Denn zu Hause, in den USA, warten die Probleme. Hier ist die NFL vom Aushängeschild des US-amerikanischen Sports zur Problemliga abgerutscht. Die TV-Quoten für ein durchschnittliches NFL-Spiel sind im Vergleich zur Vorsaison um sieben Prozent gesunken - und schon da gingen die Zahlen nach unten.
Ein Mann verstärkt diese Entwicklung noch: Donald Trump. Der US-Präsident hat die Hymnenproteste von NFL-Spielern als Thema entdeckt, um bei seinen Wählern zu punkten.
Jede Woche twittert er gegen jene Sportler, die sich beim Abspielen der Hymne aus Protest gegen die Diskriminierung von Schwarzen hinknien oder sitzen bleiben. "Außer Kontrolle" nannte er die Entwicklungen vor Kurzem. Trump ist nicht Verursacher der Krise, die es in der NFL aktuell gibt. Aber seine Tweets wirken wie Brandbeschleuniger.
Das sind die aktuellen Probleme:
Hymnenprotest
Als Trump im Oktober seine ersten Twitter-Salven gegen protestierende NFL-Spieler richtete, stellte sich die Liga, so schien es, vor ihre Spieler. Ligaboss Roger Goodell verwies auf das Recht der Meinungsäußerung, die Liga ließ erneut einen alten Werbespot ausstrahlen, der die Einigkeit der NFL-Familie heraufbeschwor.

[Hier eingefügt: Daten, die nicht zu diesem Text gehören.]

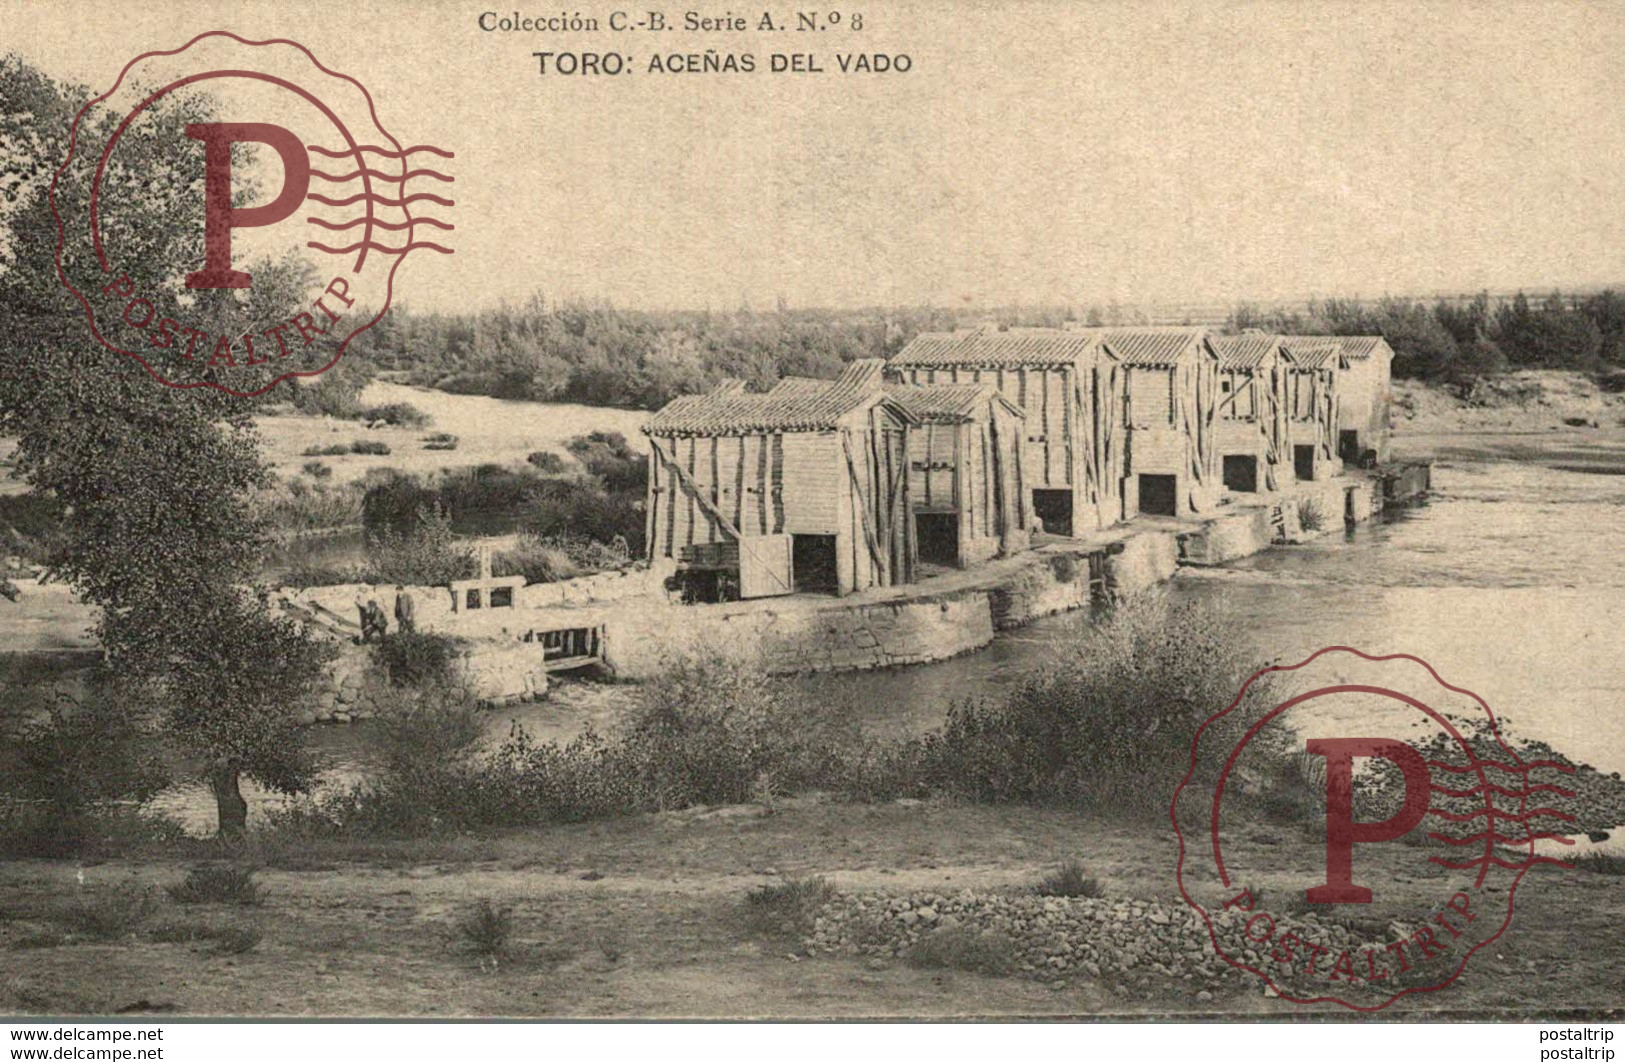 TORO. ACEÑAS DEL VADO - COLECCION C. B. SERIE A Nº8 - Zamora

Viel übrig geblieben ist davon nicht. Wenige Wochen und einige Trump-Tweets später vertrat auch Goodell die Meinung, dass Spieler während der Hymne stehen sollten. Auch die mehrheitlich konservativen Team-Besitzer äußern sich zunehmend in diese Richtung. Trump setzt die Liga weiter unter Druck, unangenehme Entscheidungen zu treffen.
Der Initiator der Proteste, Colin Kaepernick, ist immer noch arbeitslos. Und das, obwohl inzwischen bei vielen Teams Quarterbacks eingesetzt werden, die sportlich nicht an ihn herankommen.
Verletzungen
American Football ist ein Vollkontaktsport, Verletzungen gehören deshalb dazu. In dieser Saison hat es allerdings viele der besten Spieler der Liga getroffen. Aaron Rodgers, Odell Beckham Jr. oder Richard Sherman sind nicht nur sportlich herausragend, sondern auch wichtige Werbegesichter. Ihr Ausfall wiegt deshalb schwer. Ein Best-of-Team der Langzeitverletzten hätte in diesem Jahr sehr gute Chancen auf den Super-Bowl-Sieg.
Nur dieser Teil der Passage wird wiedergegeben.